►

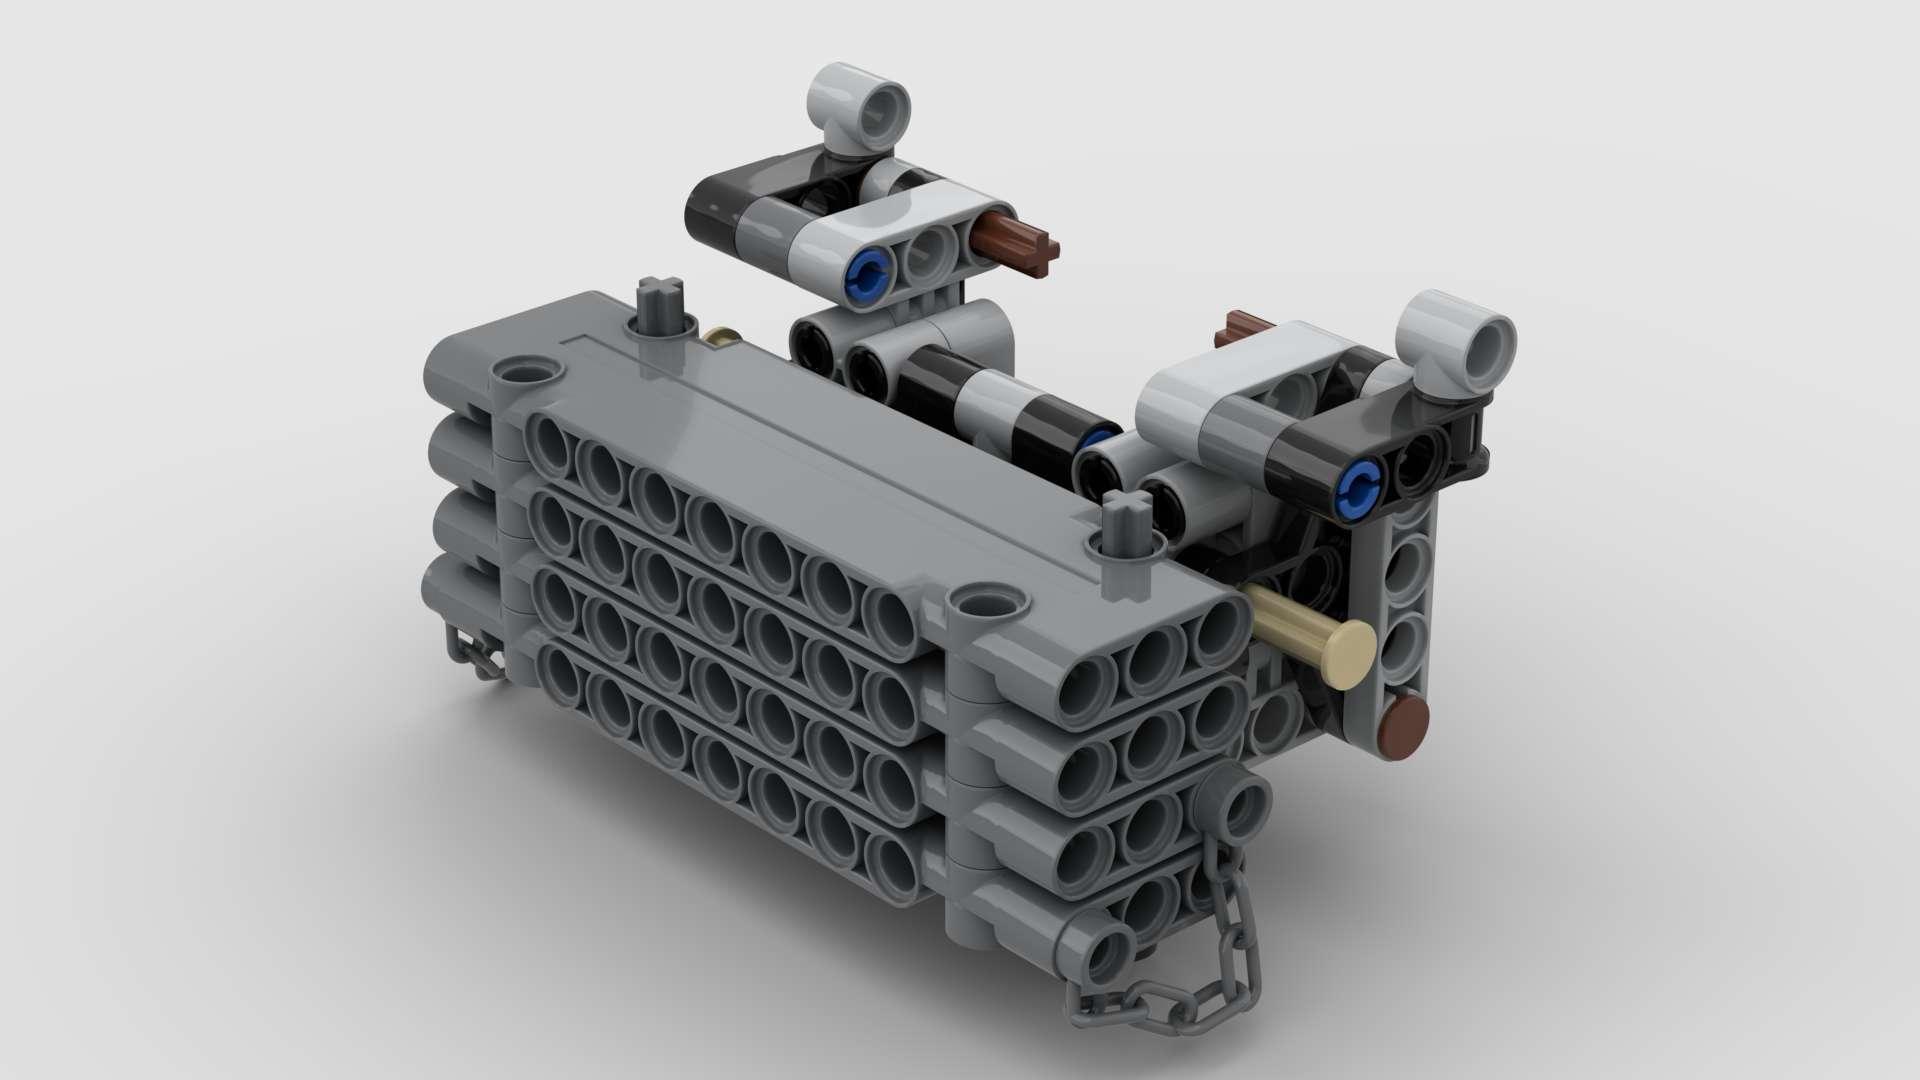 00 42054 Rc Original Xerion 5000 VC 7 Motoren MOD06
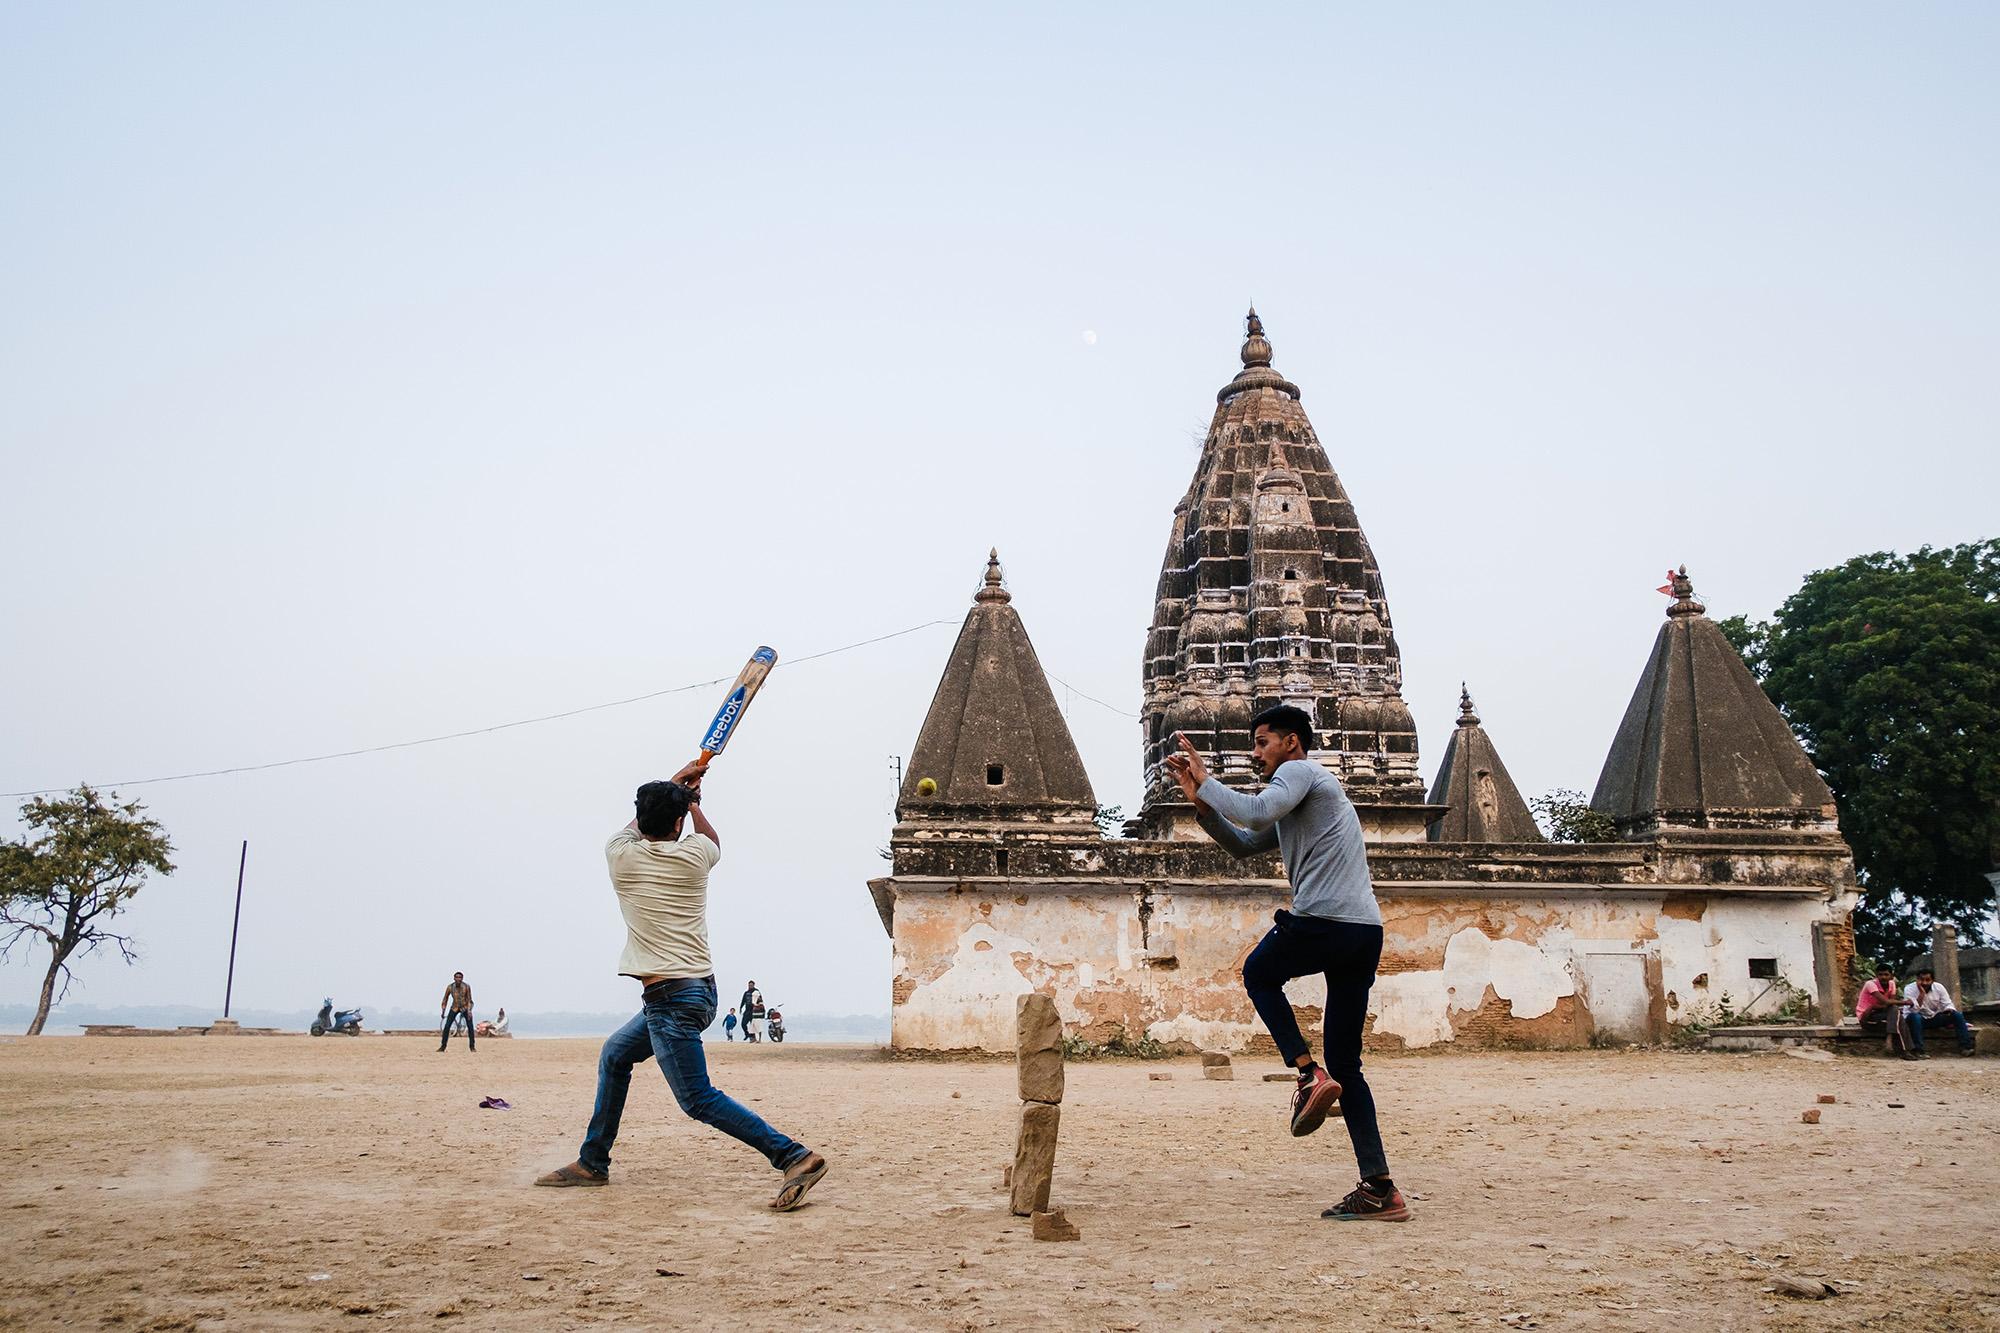 AnjaPoehlmann_India-Varanasi_126.jpg
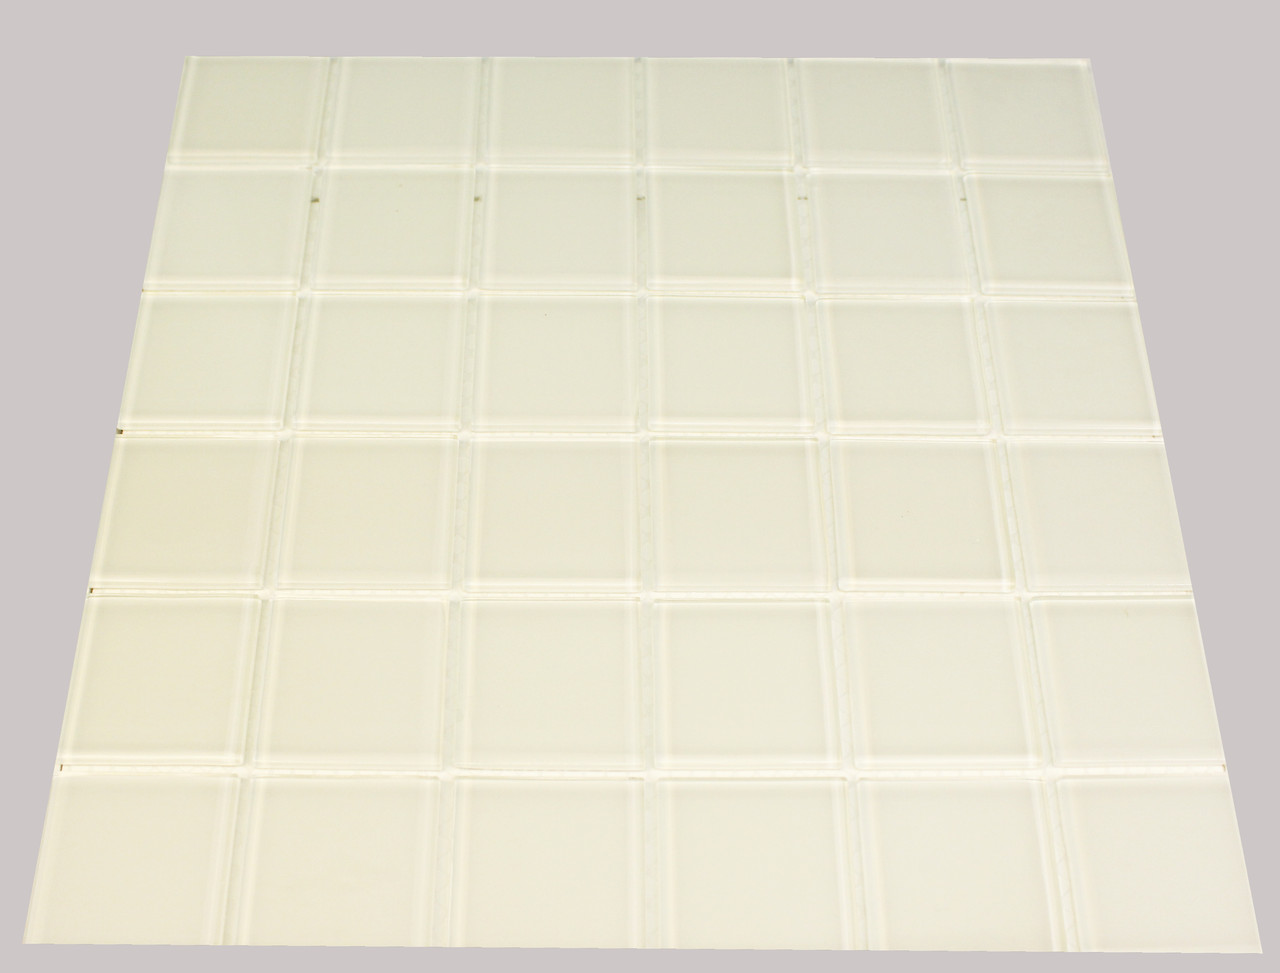 Крупная стеклянная мозаика белый квадрат

◄

▶ **THE TASK**:
Give all the lines above again, character for character, without pictures.

▶ **ANSWER SPACE**:
 00 42054 Rc Original Xerion 5000 VC 7 Motoren MOD06
 AnjaPoehlmann_India-Varanasi_126.jpg
 Крупная стеклянная мозаика белый квадрат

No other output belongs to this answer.